In addition, brain-derived neurotrophic factor (BDNF) serves, among other functions, as a signal to regulate neuronal activity, since BDNF-mediated disruption of chloride gradient and following disturbance of chloride-dependent GABAergic inhibitory function was reported (123–125). Exocytosis of BDNF is mediated by ATP-evoked P2X4 activation (123, 126–130) and regulated by A2A (118). Decrease of inhibitory signals favors increased neuronal activity and hyperexcitability, eventually causing epileptic seizures (131–134). Both of the mentioned purinergic receptors, P2X4 and A2A, that regulate BDNF release are upregulated in AD [Figure 3, (119)]. The upregulation and following release of BDNF may therefore also contribute to hyperexcitability and epileptic events in neurodegeneration.
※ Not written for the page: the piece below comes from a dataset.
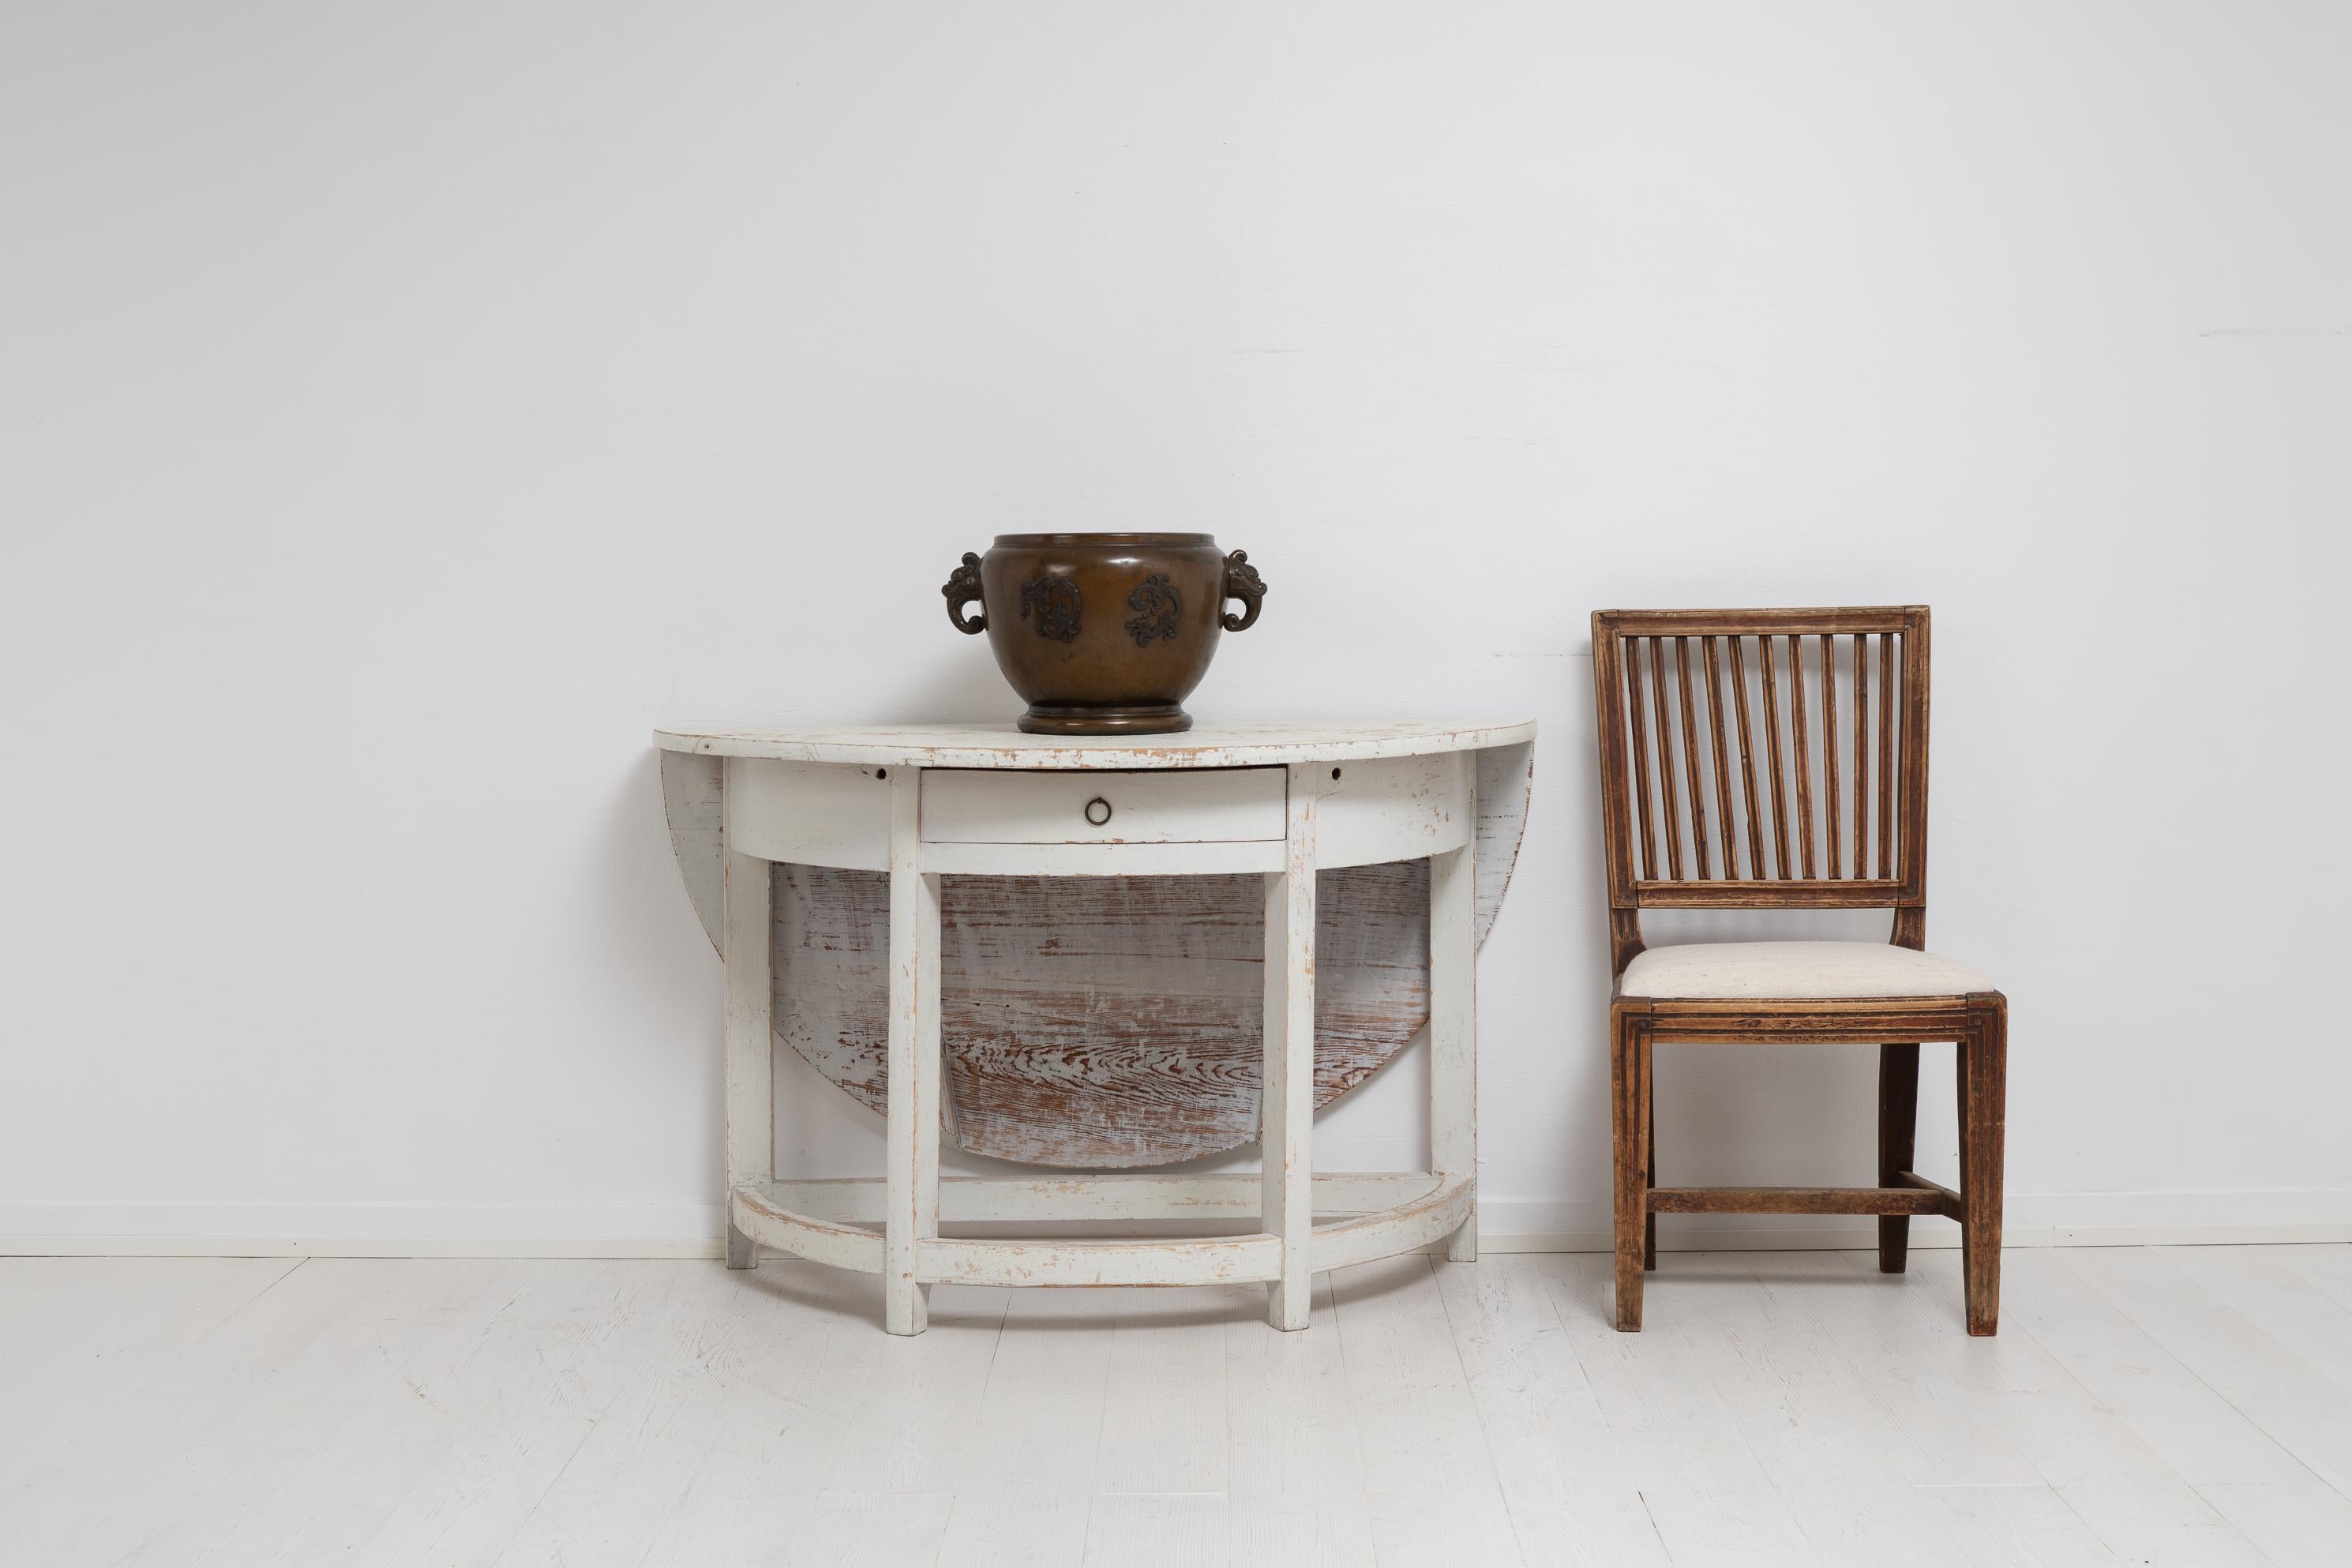 Nordschwedischer Konsolentisch im gustavischen Stil. Der Tisch ist ein schwedisches Landhausmöbel aus dem frühen 19. Jahrhundert, 1810 bis 1820, und er ist ein ungewöhnliches Modell. Die Tischplatte hat eine runde Demi-Lune-Form und auch eine

Besides, P2X4 is involved in the chemotactic response of microglia, as pharmacological inhibition and downregulation of P2X4 lead to impaired chemotaxis in vitro (36). The transcriptomic studies we summarize here provide evidence that P2rx4 is upregulated in different murine AD models (Figure 3), implicating that it could play a functional role in altering microglial chemotaxis in AD.
In summary, a number of purinergic receptors that regulate microglial morphology, motility and migration are dysregulated in neurodegeneration and may thus constitute pathways that contribute to impairment of these microglial motility functions. It will be important to validate this assumption in functional studies in the future.
Another important microglial cell function that is affected in neurodegeneration is the phagocytic capacity (87), which among many other mechanisms, is regulated by the UDP-sensitive purinergic receptor P2Y6. Interestingly, it has been shown that the ion channel function of P2X4 is inhibited by P2Y6 upregulation. This suggests an interesting mechanism, in which P2RY6 would be key to switch from migratory to phagocytic behavior of microglia (135). Because P2ry6 is downregulated in several murine AD models (Figure 3), this could mean that UDP-sensitive phagocytosis may be decreased in neurodegeneration. This could also be relevant for a process called “phagoptosis,” i.e., the uptake of live neurons by microglia involving P2Y6 (136). Inhibition of P2Y6 prevents neuronal loss induced by low levels of Aβ, suggesting that microglial phagocytosis could be responsible for neuronal loss (136). However, the absence of P2Y6-dependent inhibition of ex vivo phagocytosis in 5xFAD mice indicates that in AD, purinergic receptors other than P2Y6 may regulate microglial phagocytosis (137). Unlike in AD models, P2RY6 was upregulated in a PD model and in human PD brains, implying an opposite functional impact of P2Y6 in PD (101, 138).
In addition to P2Y6, there is also evidence that P2Y2 contributes to phagocytosis functions in microglia. Specifically, Aβ-induced microglial ATP release enhances phagocytosis of Aβ via P2Y2 activation in cultured cells (103, 139). In vivo data confirmed that heterozygous deletion of P2Y2 enhances β-amyloid plaque burden, indicating that downregulation of P2Y2 could contribute to AD pathology (140, 141). Apart from phagocytosis, pinocytosis induced by ATP or UTP is another mechanism that contributes to Aβ uptake by microglia. This process can be accelerated by yet another purinergic receptor, namely P2Y4 (142).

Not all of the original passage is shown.